Directions for this task
Would you reproduce exactly, and only, the lines starting at the one with "Women carrying umbrellas" and ending at the last line of the data, with both included? Leave the pictures out.

Data segment
....

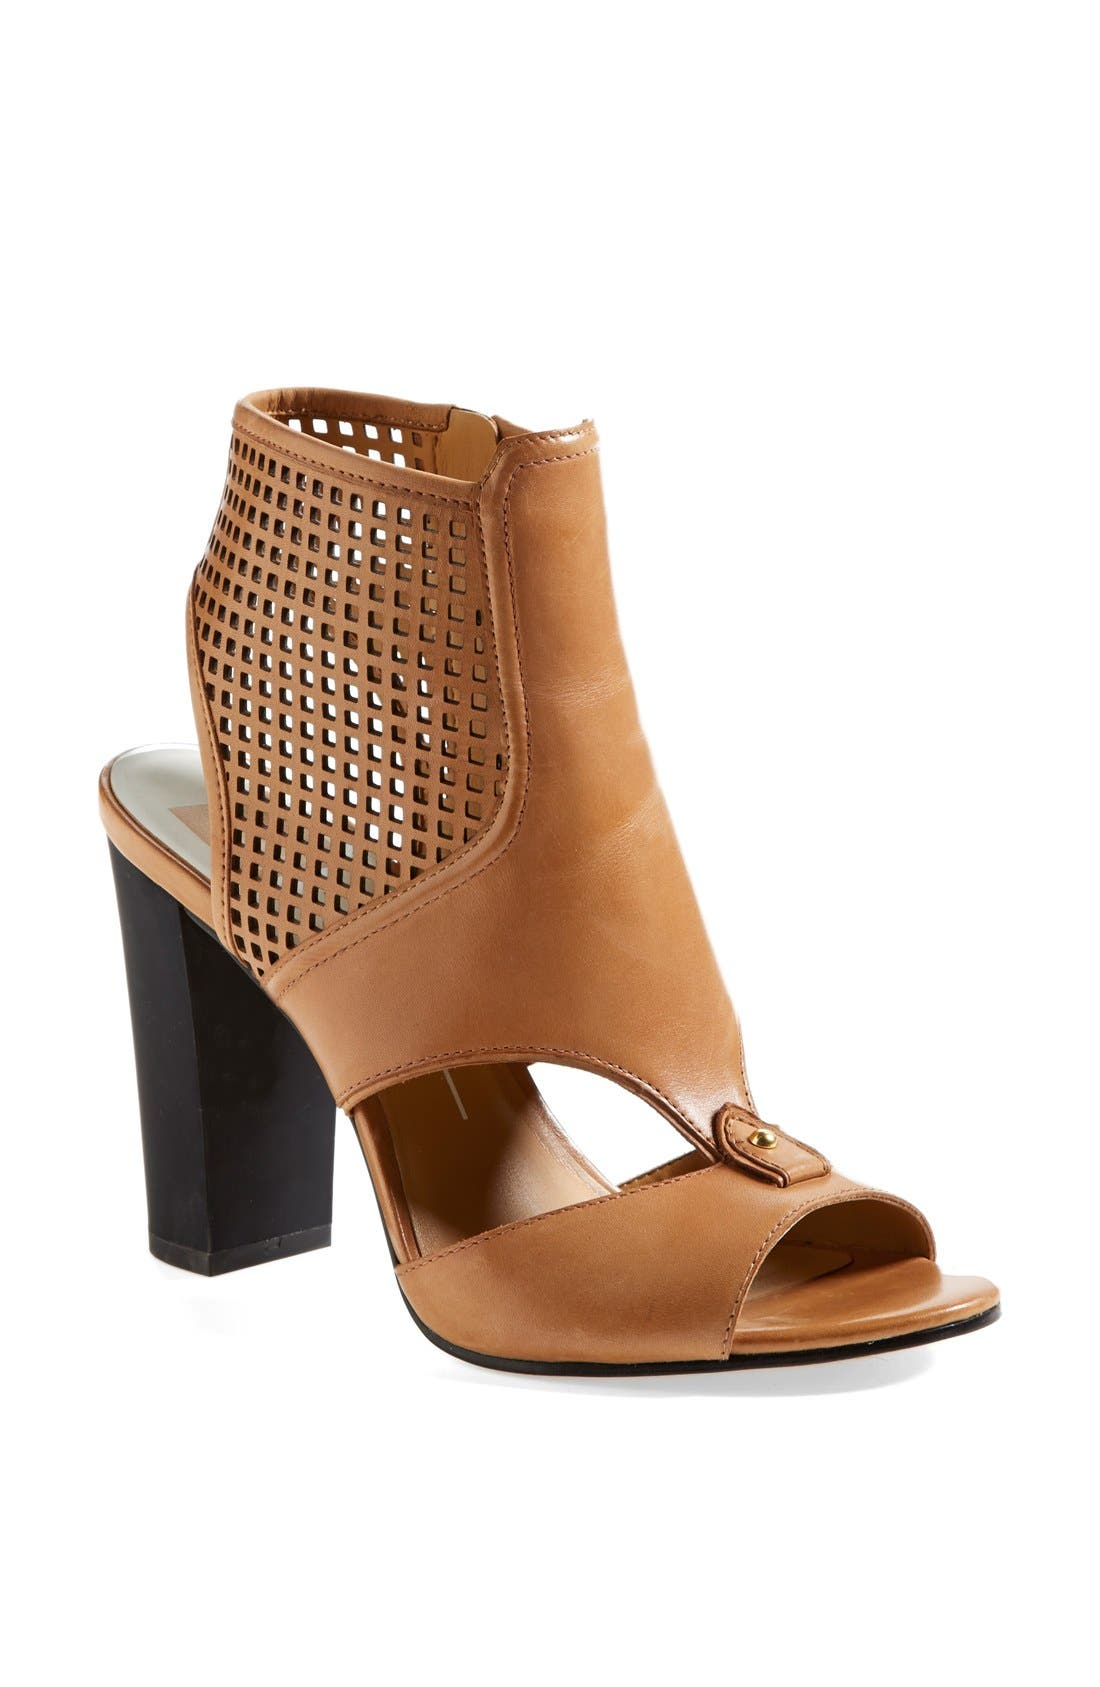 Alternate Image 1 Selected - Dolce Vita 'Nona' Sandal
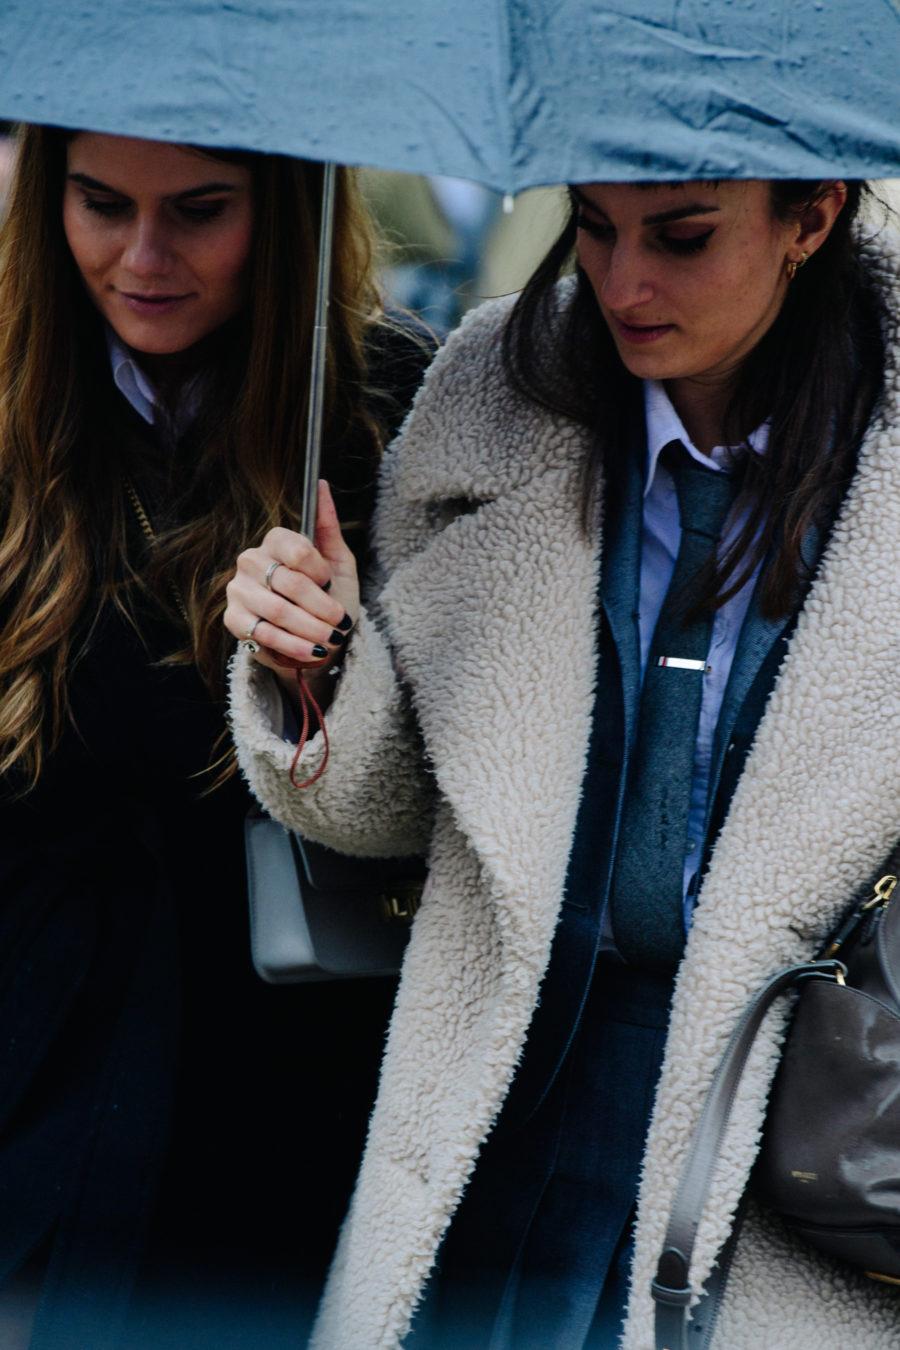 Women carrying umbrellas
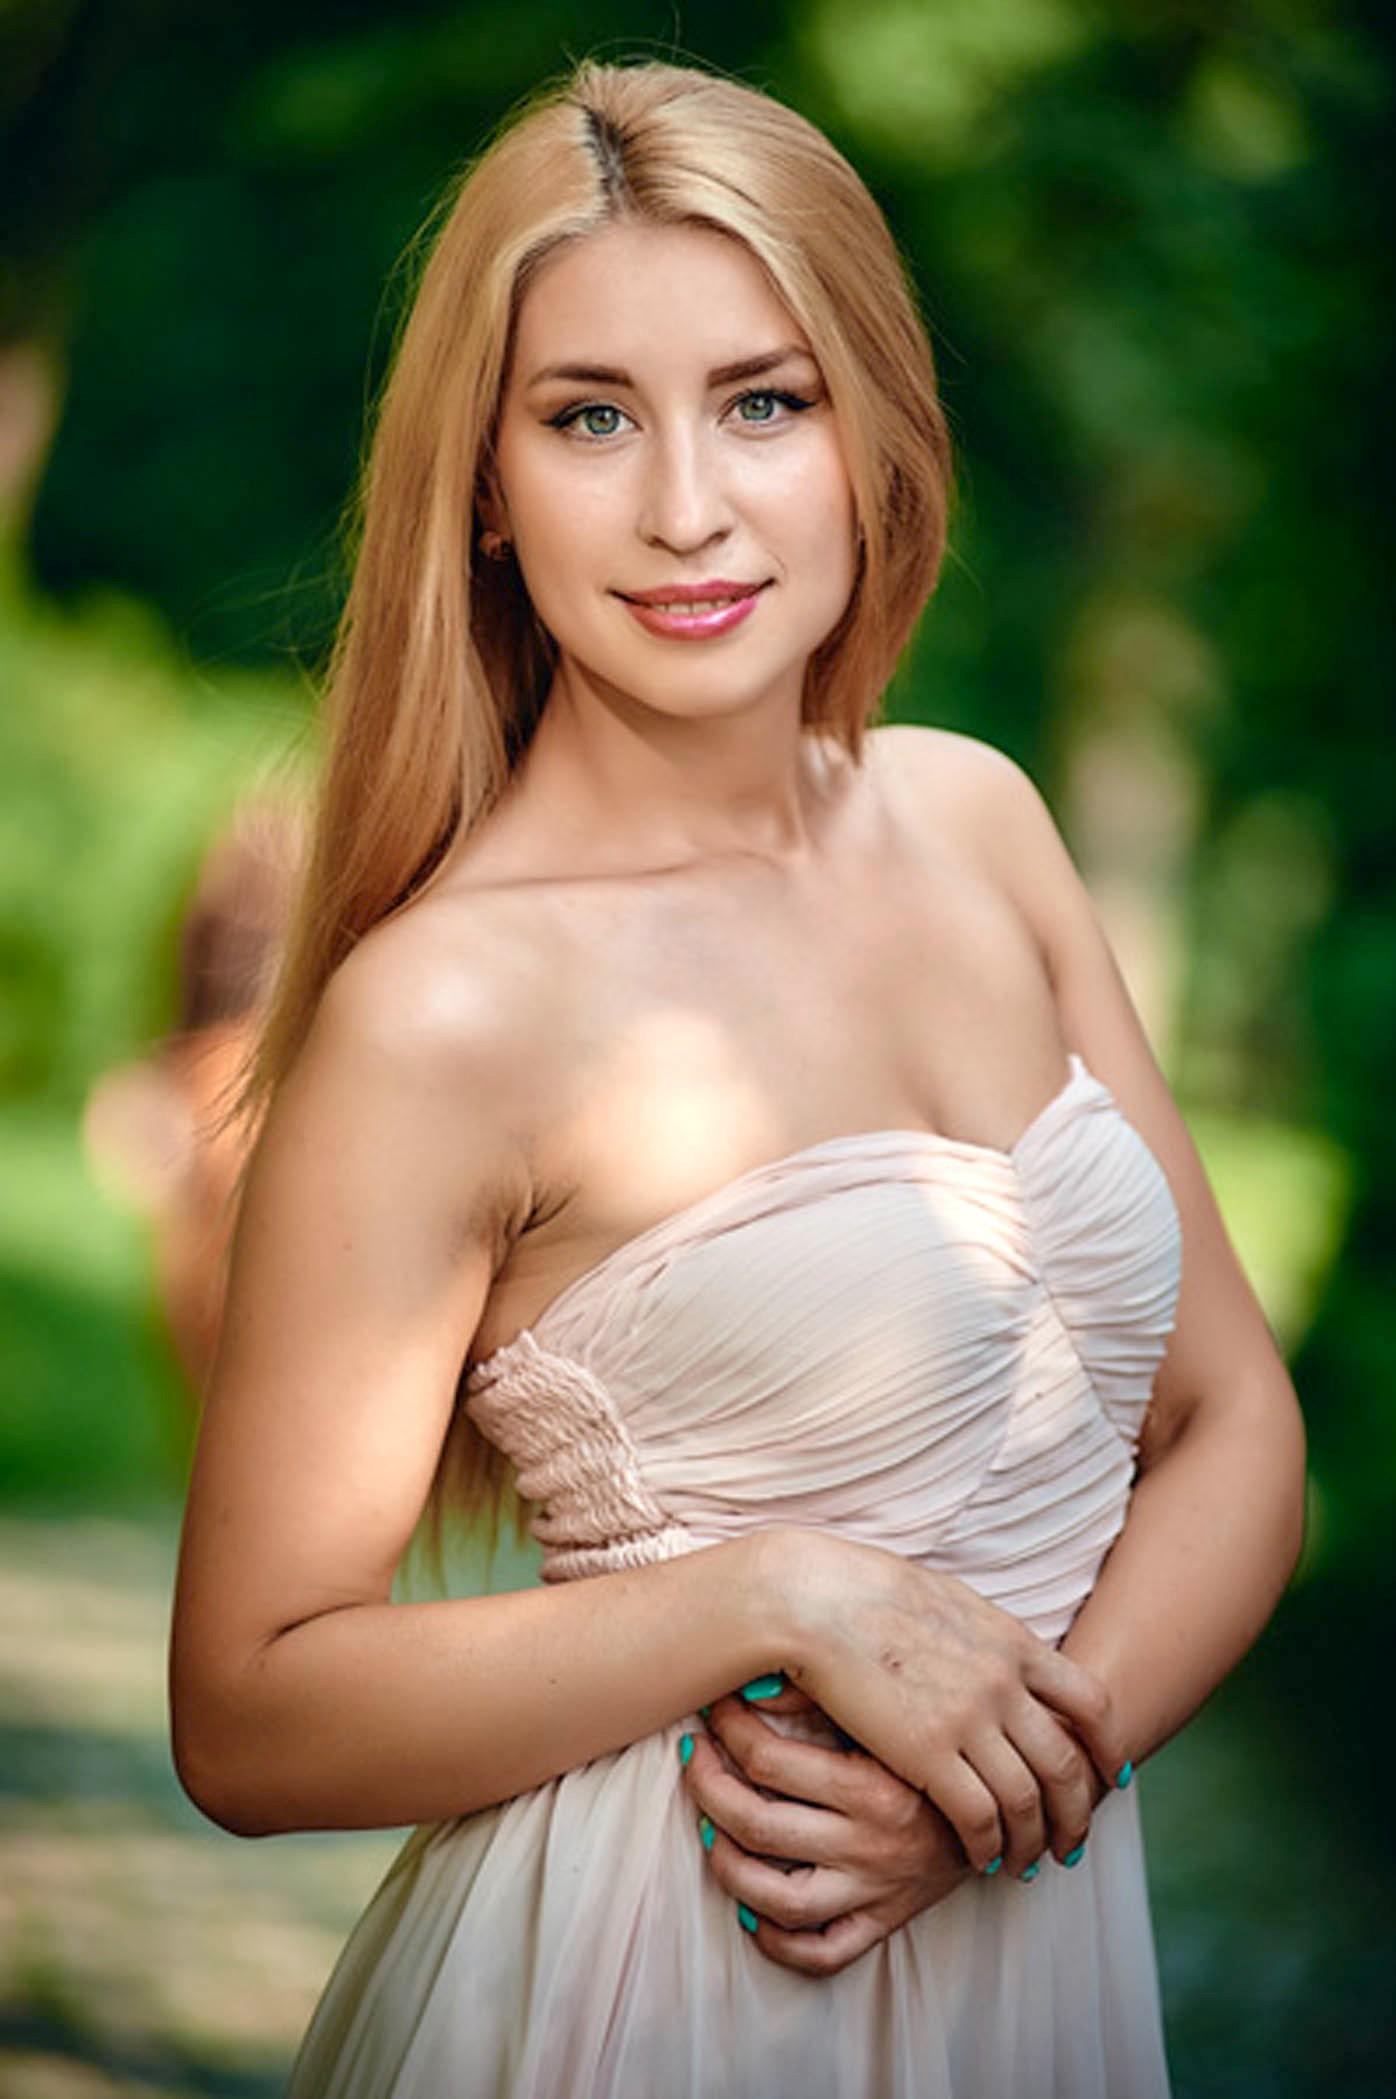 Ukrainian brides 331 views

....

Your response
 Women carrying umbrellas
 Ukrainian brides 331 views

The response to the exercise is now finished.